Палеи зашевелился, и я спрыгнул.
– Только не в этом доме! – вздохнул Айра и отчаянно заворочался. Секунду спустя Руфь тихо застонала и перевернулась на другой бок. Фланелевая ночнушка обвила полные бедра. Почему-то я был уверен, что подходящих трусиков на Руфи нет. Но поскольку она, видимо, отвечала Айре даже во сне, время, отпущенное мне на экспедицию, укладывалось между двумя Айриными стонами.
Я перевалил через голень Руфи, двигаясь по очертанию погребенной в жире кости. Но я просчитался. Руфь не брилась, ноги покрывала густая растительность. Очко в пользу Элизабет. Сотни здоровенных стволов с острыми верхушками. Кратчайшего пути не будет – сплошь тяжелый, упорный труд. Где мои слоны, мои носильщики, что перенесут меня через этот лес?
Скоро волосы стали такими длинными, что мои ноги не доставали до кожи. Мне пришла в голову блестящая мысль: стану Тарзаном, раскачаюсь и перепрыгну на колено. Я преодолел первый волос до середины, потянулся ко второму, и тут первый надломился. Я рухнул на спину, и колючки поцарапали мои нежные дыхальца.
В конце концов я приспособился к ее кудряшкам. Я двигался быстро и мягко, не подставляясь под сонную руку, что оставит меня в чащобе навсегда. И все равно за то время, что я пробирался от лодыжек до коленей, муха долетела бы туда и обратно раз пятьсот.
С коленной полянки я озирал девственный лес, что остался позади, – гордо, но содрогаясь при мысли о скором возвращении.
Я глянул севернее. Я не ошибся. В отличие от Элизабет просвещенная Руфь спала без трусов (в «Кандиде» они назывались агентами зуда). Вот он, передо мною, Волосатый Грааль, соблазнительный, как тайные сокровища джунглей, что кишат змеями и дикарями. Первый предвестник гормонального удара. С кончика пальца орган выглядел таким дружелюбным и пушистым, точно меховая игрушка; но теперь я уже сомневался, что хочу поиграть. Я вспомнил, как в детстве Малец на книжной полке издевался над теми, кто выводил слово «губы» из глагола «губить».
– Не совсем бред, – говорил он, – но подойди ближе, если выдержишь, и поймешь, почему они происходят от «губы», в смысле – гауптвахты.
Я заставил себя двигаться вперед. Лес поредел, когда я миновал колени, но возникла новая опасность. К северу борозды, ямы и топи углублялись. Здесь явно разыгралась ужасающая артиллерийская дуэль. Поверхность была ненадежная, и остатки газа повергали меня в ужас при мысли, что минометный обстрел в любую секунду возобновится.

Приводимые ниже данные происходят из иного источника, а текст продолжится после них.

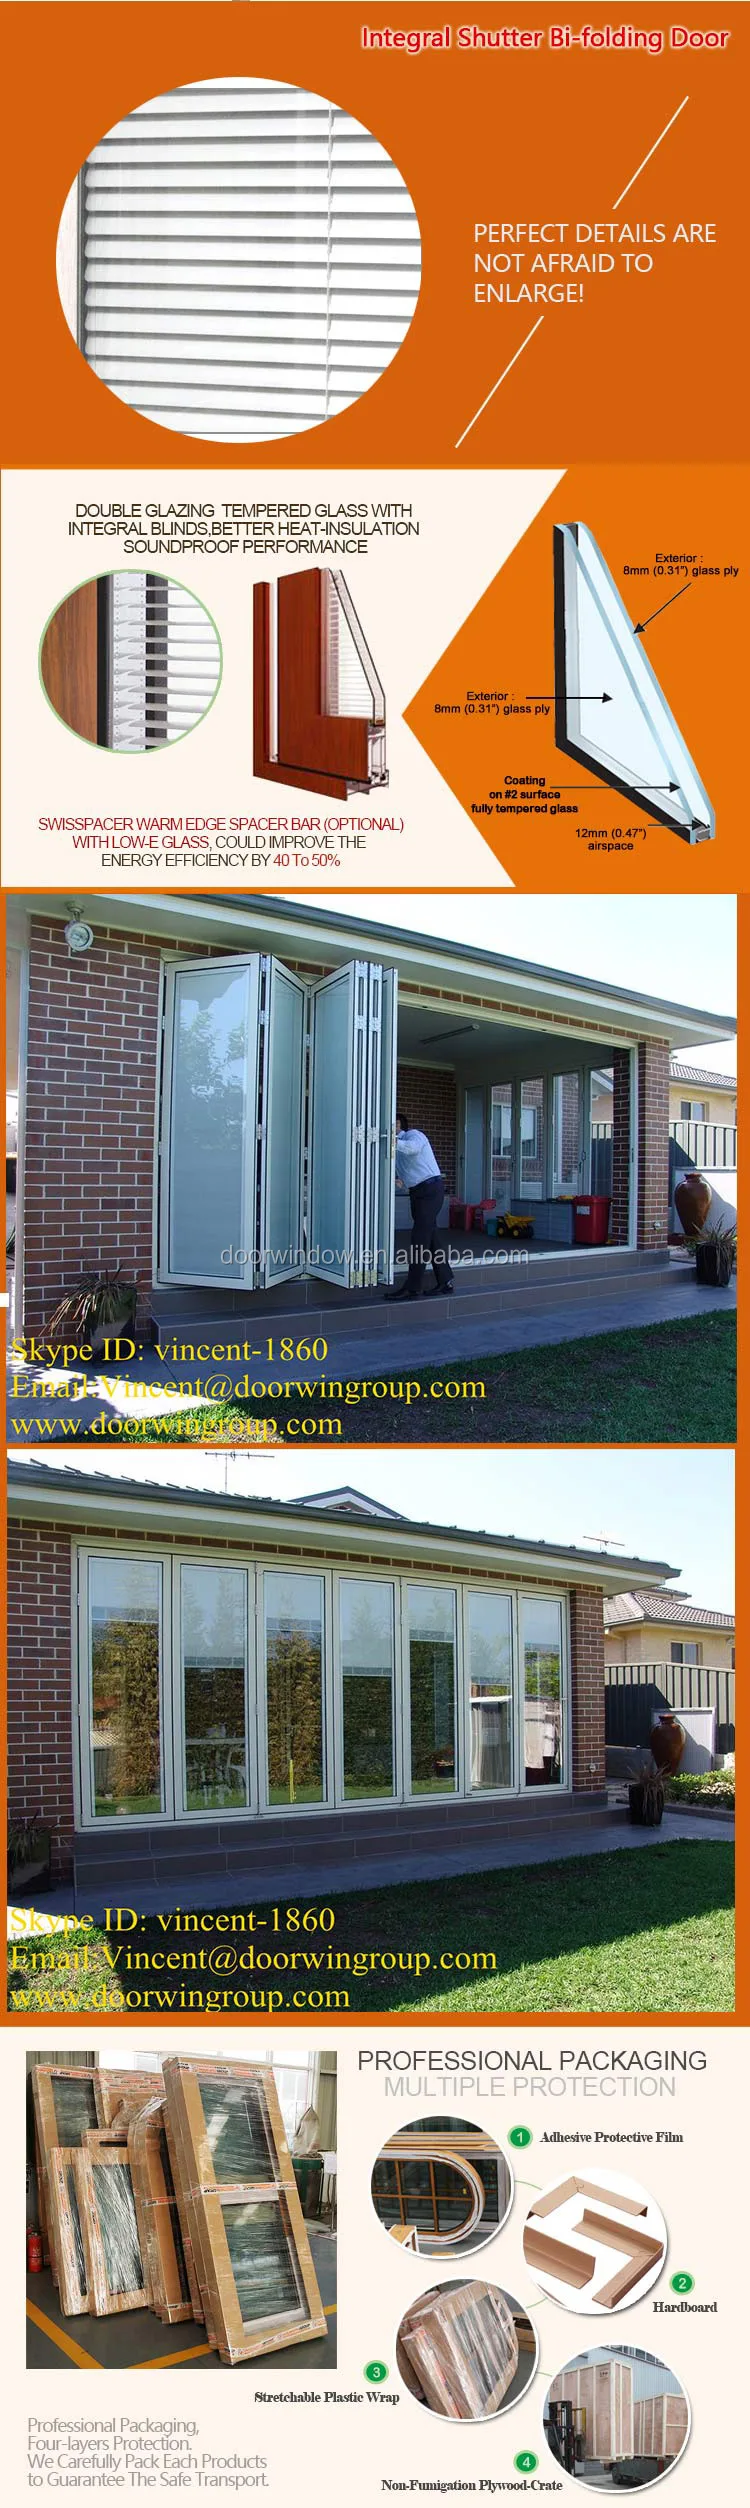 Australia standard exterior aluminium bi-folding doors aluminum wood folding patio bi fold

Я прыгнул в кратер. Хорошие новости: выше поросль совсем исчезала. Если удастся выруливать между канавами, получится несложная пробежка почти до самого конца. Я отдышался. Затем влез на вершину. Перепрыгнул в соседний кратер. Может, не ходить? Может, до конца боя остаться туг?
Но я не мог.
Перекатись моя Иудейская Валькирия на другой бок, она бы размазала меня между бедрами: Liebestod, смерть от любви.

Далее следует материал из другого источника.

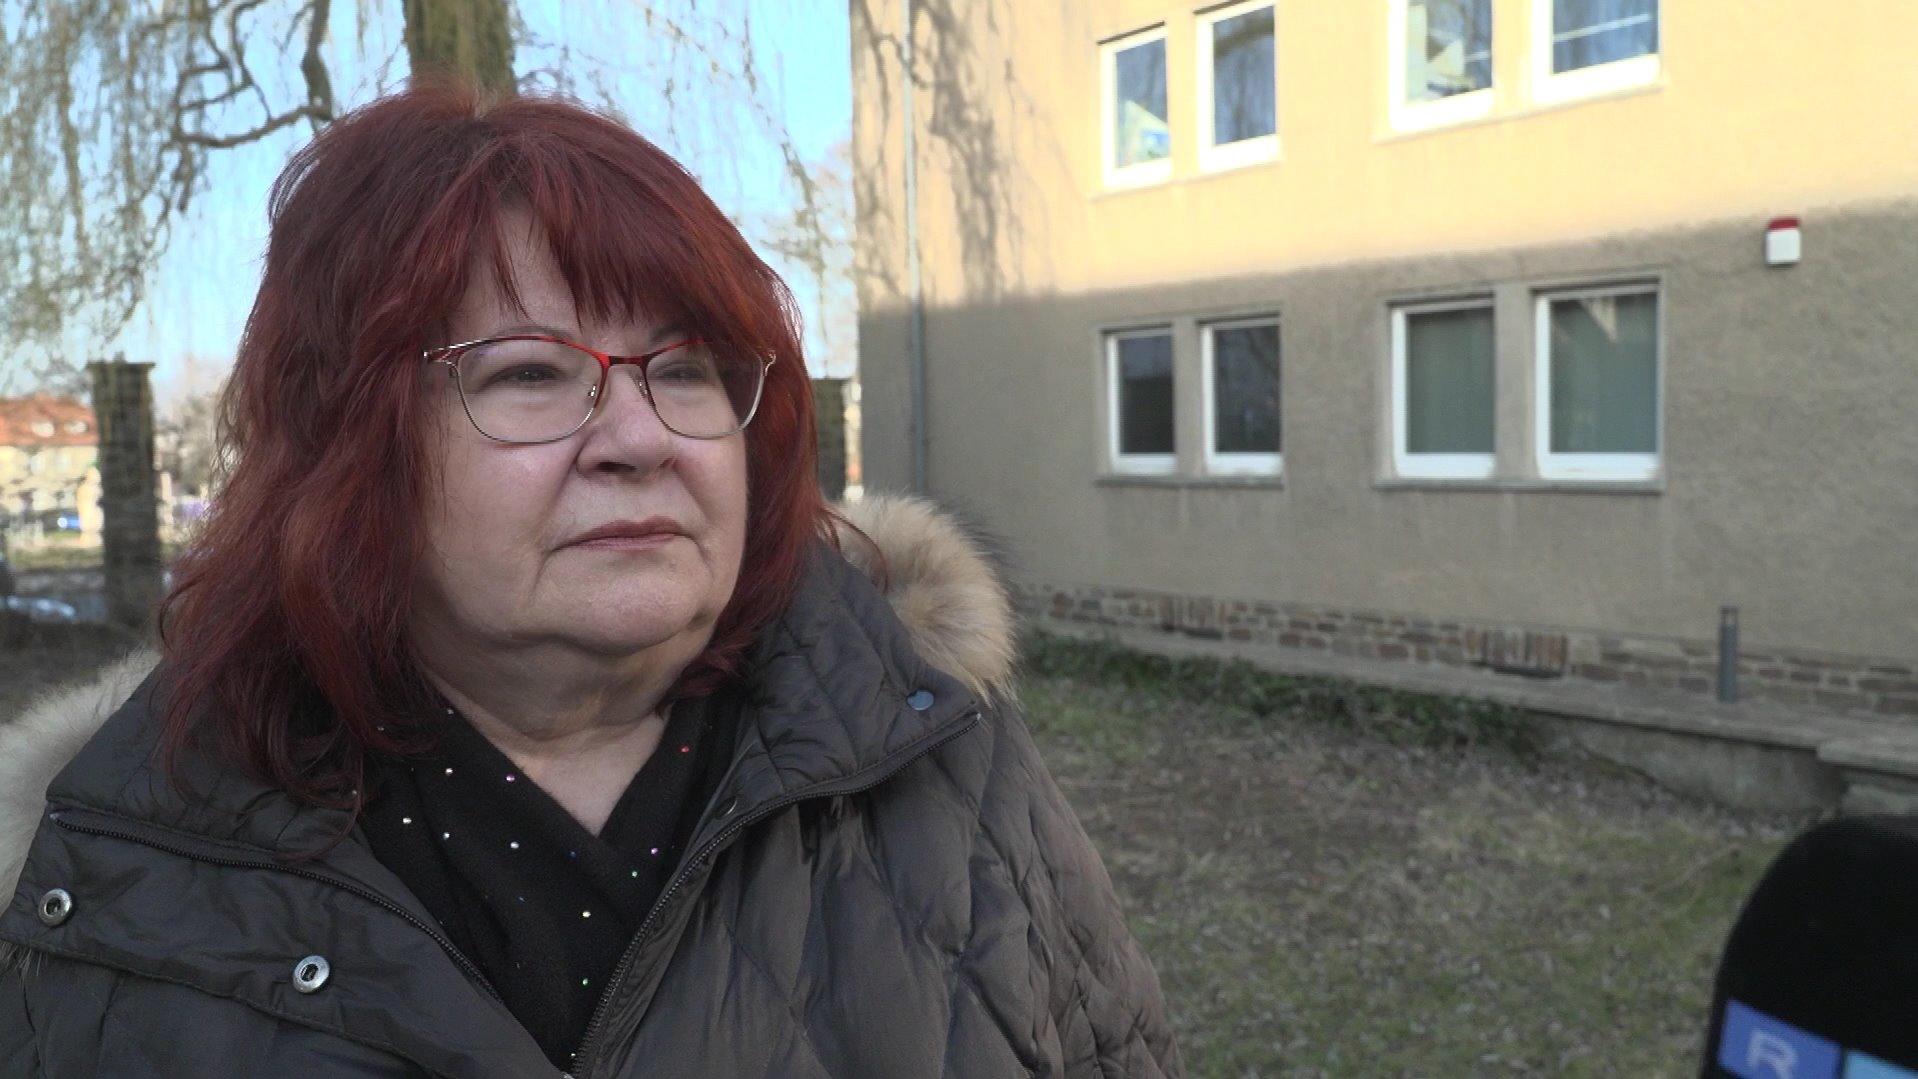 Opferanwältin Kerstin Börner sprach im RTL-Interview über das Leid des Jungen.

По этой земле не ступал никто, и я мчался по ней, как никто не смог бы. Меня манила ее муфта, ее путеводный аромат с каждым шагом становился отчетливее. Не слишком приятный запах – сложный, несвежий, с примесью мочи. За десять шагов он изменился: тот же коктейль, но другие пропорции. Моя усталость сменилась наслаждением – так тесная пещера гениталий, что стенками скребет член, вдруг оборачивается райским садом. Неужто иллюзия заманила меня в силок? Интересно, а в «Манишевице» – подходящие для иудейских гениталий ингредиенты?
Я поднажал. Холмы бедер ласково терлись друг о друга. Но затем показался пушистый куст. Шедевр фортификационной науки, на мягком, пухлом теле он выглядел абсолютно неуместно.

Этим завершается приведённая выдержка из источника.